Right, so if you want to be safe, isolate everything. Otherwise you are venturing into risky territory, that could result in fire or explosion!

I sent an email to the guy who did those tests. But my guess is that it didn't totally pan out. Otherwise we probably would have heard of it on here.


----------



## scott (Feb 15, 2009)

Hi, Brian at BELKTRONIX(belktronix.com) did this and has a pic(http://www.belktronix.com/Scirocco1.html. hope this helps


----------



## TruEnergy (Apr 6, 2009)

OK, isolation is a good thing. Plus, separate charging.

So what about a dual pack setup - LiPo for surge, Lead for range.

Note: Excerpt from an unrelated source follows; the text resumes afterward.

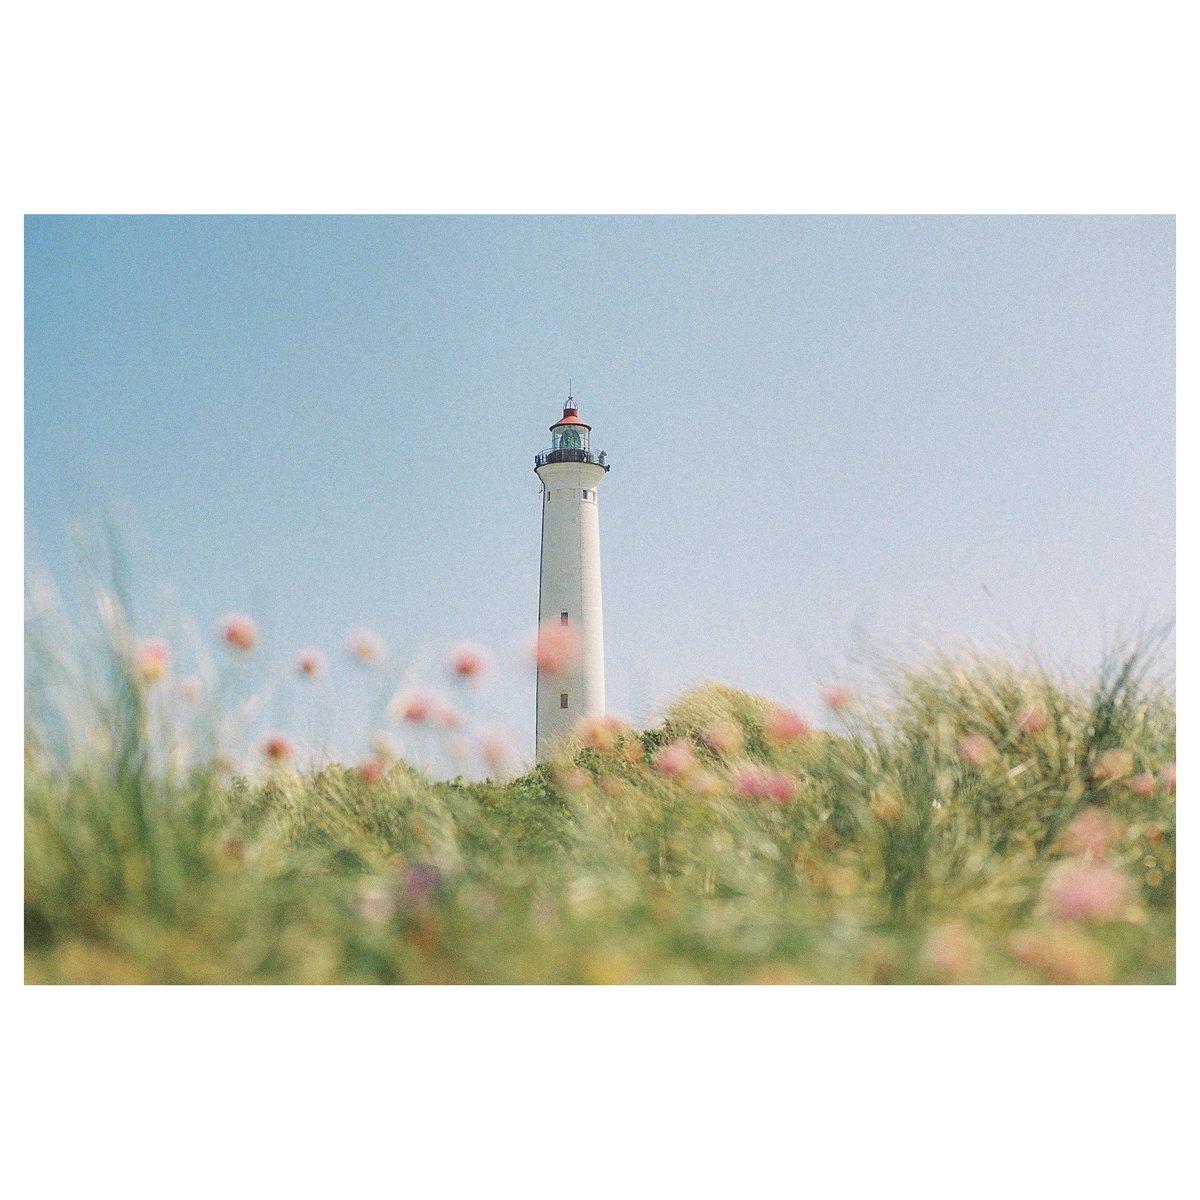 Summer | Leica MP | Portra 160 #analog #analogue #analogfilm #analogphoto #film #filmphoto  Instagram: scottish_swan pic.twitter.com/eiQe6SivQC  by Analog Process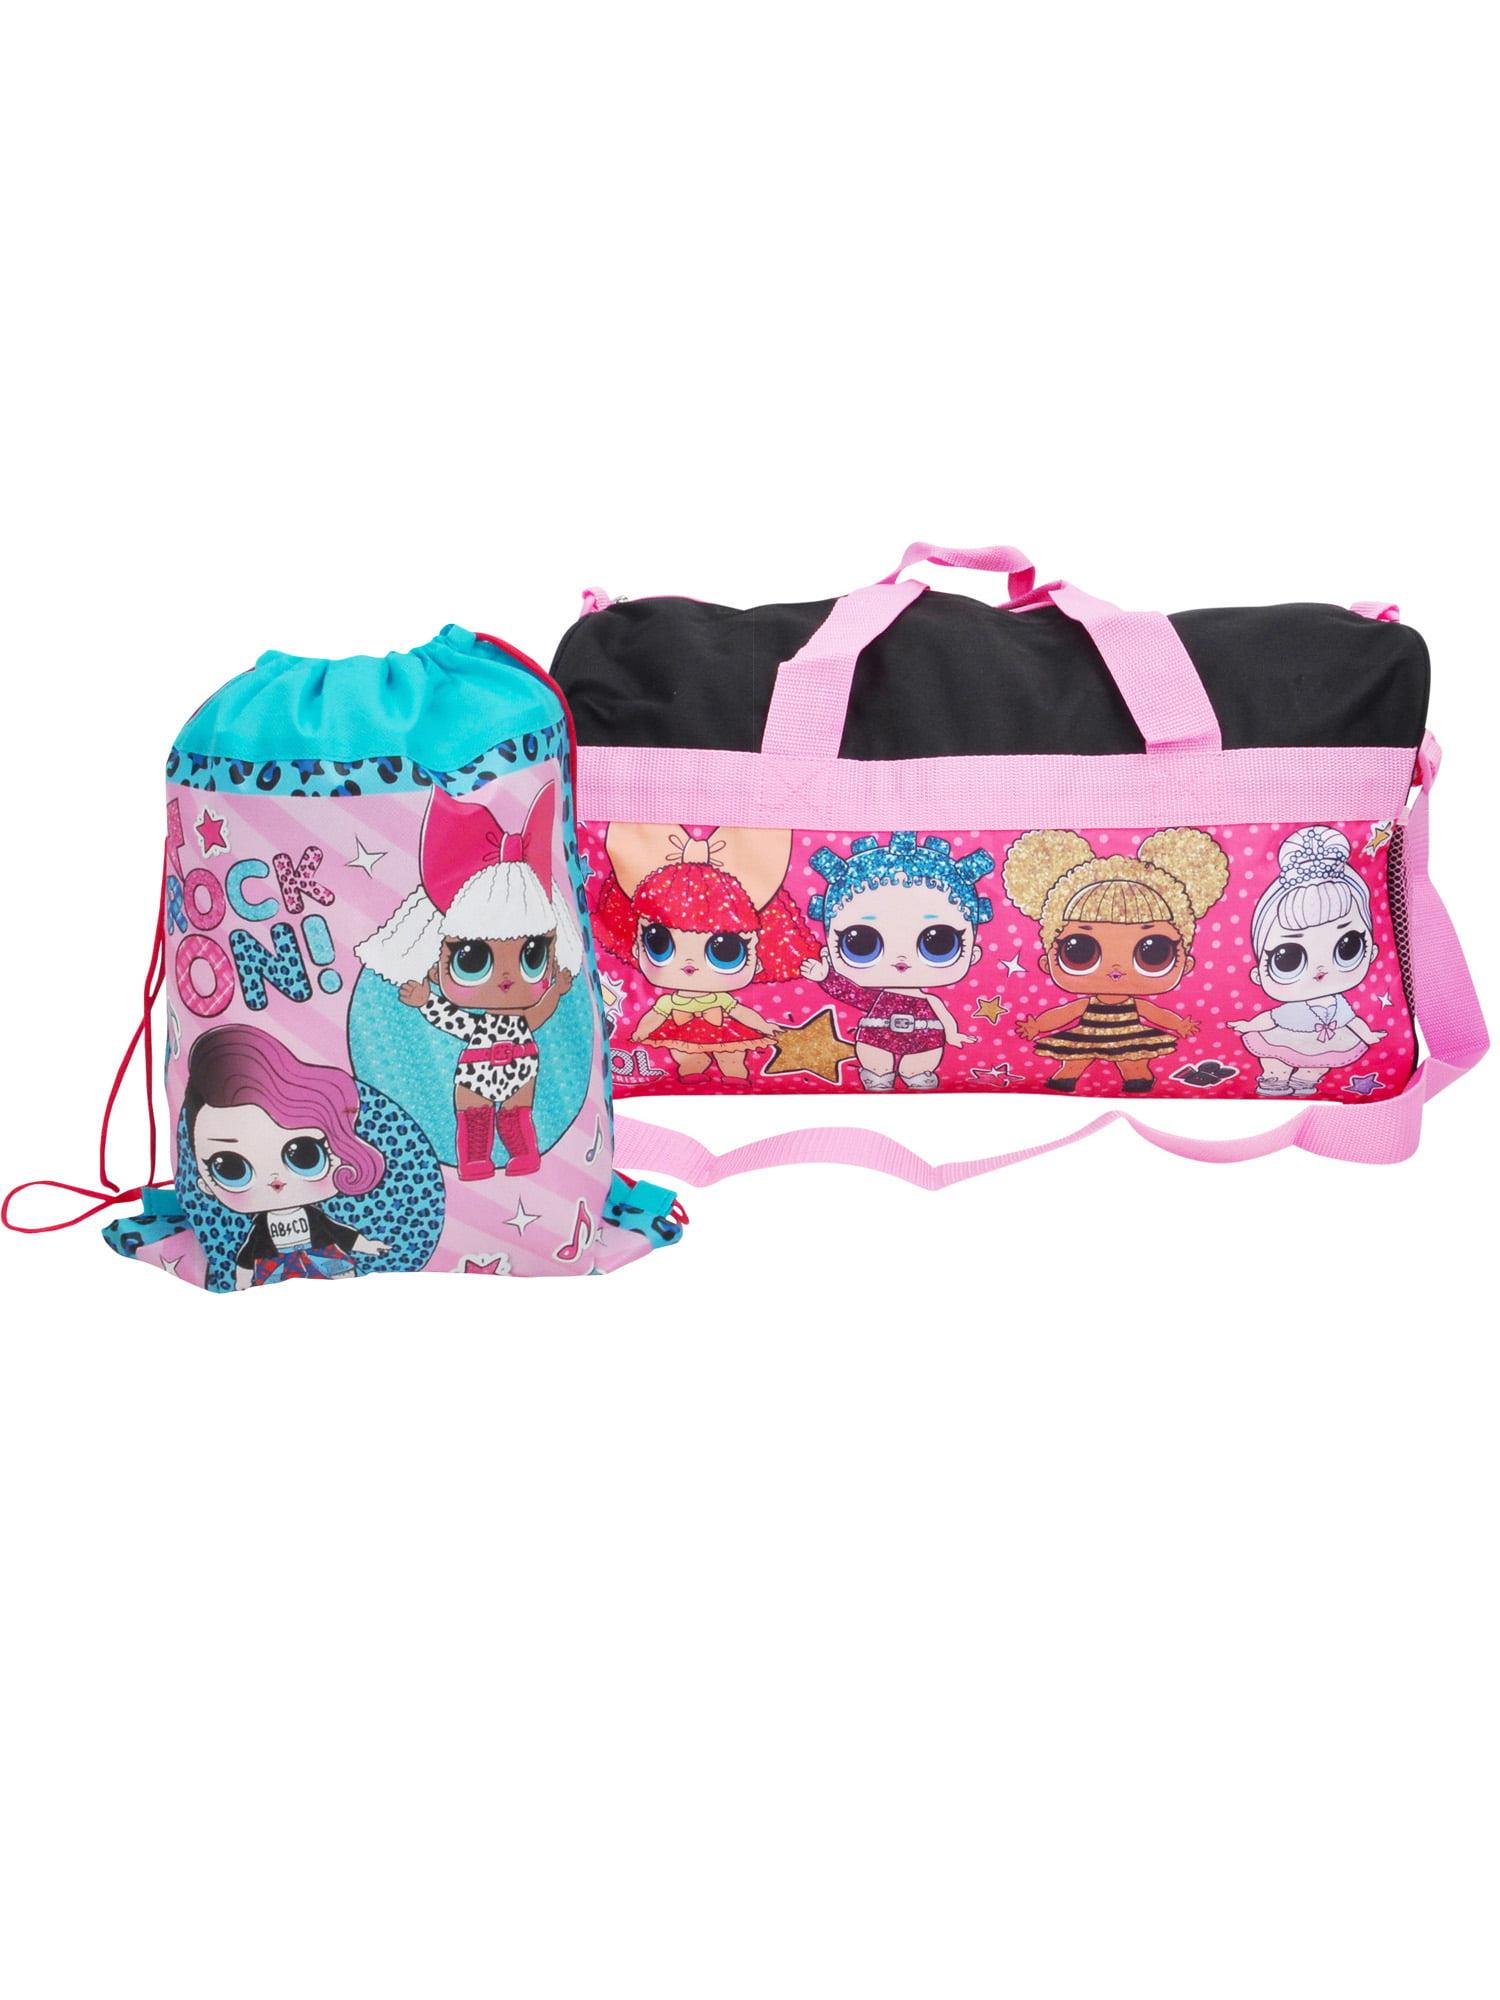 87c1f1a382 Girls LOL Surprise Duffel Bag Black   Sling Bag 2-Piece - Walmart.com

Isolate packs with high power diodes for the LiPo and a DC/DC converter for the Lead.

Power process is as follows:
1. Tromp on throttle.
2. Power surge sags Lead pack so LiPo becomes main source.
3. Ease off throttle and Lead begins to contribute.
4. Cruising speed sees equal contribution from both packs.
5. LiPo voltage drops due to excessive spirited driving.
6. Lead pack voltage is slightly higher and contributes more energy.
7. Process continues till both packs need recharge.
8. In the event of excessive LiPo drain, the lead pack would become main source.
9. It would be wise to gauge system based on 50% DOD of lead. LiPo would not be fully utilized - unless the DC/DC cuts out at 50%. This would leave just LiPo to limp home.

Other links showed LiPo directly paralleled. Have not yet heard if this helped or if problems were encountered with inconsistent chemistry.

The DC/DC could be eliminated and more diodes used, but you would lose some control over the system.

Would this work? Or would the controllers have an issue with inconsistent current supply? Would the supply be overly inconsistent? I think most of this could be controlled through the DC/DC converter.... Thoughts????


----------



## DIYguy (Sep 18, 2008)

You don't need any isolation other than for charging. Just match the voltage and connect in parallel. Contactors to separate for charging, that's all.


----------



## TruEnergy (Apr 6, 2009)

My thoughts on the isolation were to prevent the LiPos from charging the Lead. Or vice-versa. I think separating them would give the max benefit from each type.

In a reduced current environment, the Lead should last longer and provide a better ROI on the pack as a whole.

If something like this were to actually work, that is....


----------



## rmay635703 (Oct 23, 2008)

TruEnergy said:


> My thoughts on the isolation were to prevent the LiPos from charging the Lead. Or vice-versa. I think separating them would give the max benefit from each type.
> 
> In a reduced current environment, the Lead should last longer and provide a better ROI on the pack as a whole.
> 
> If something like this were to actually work, that is....


Get a pair of motor run diodes out of an old $50 set of curtis 1204s and voila instant isolation.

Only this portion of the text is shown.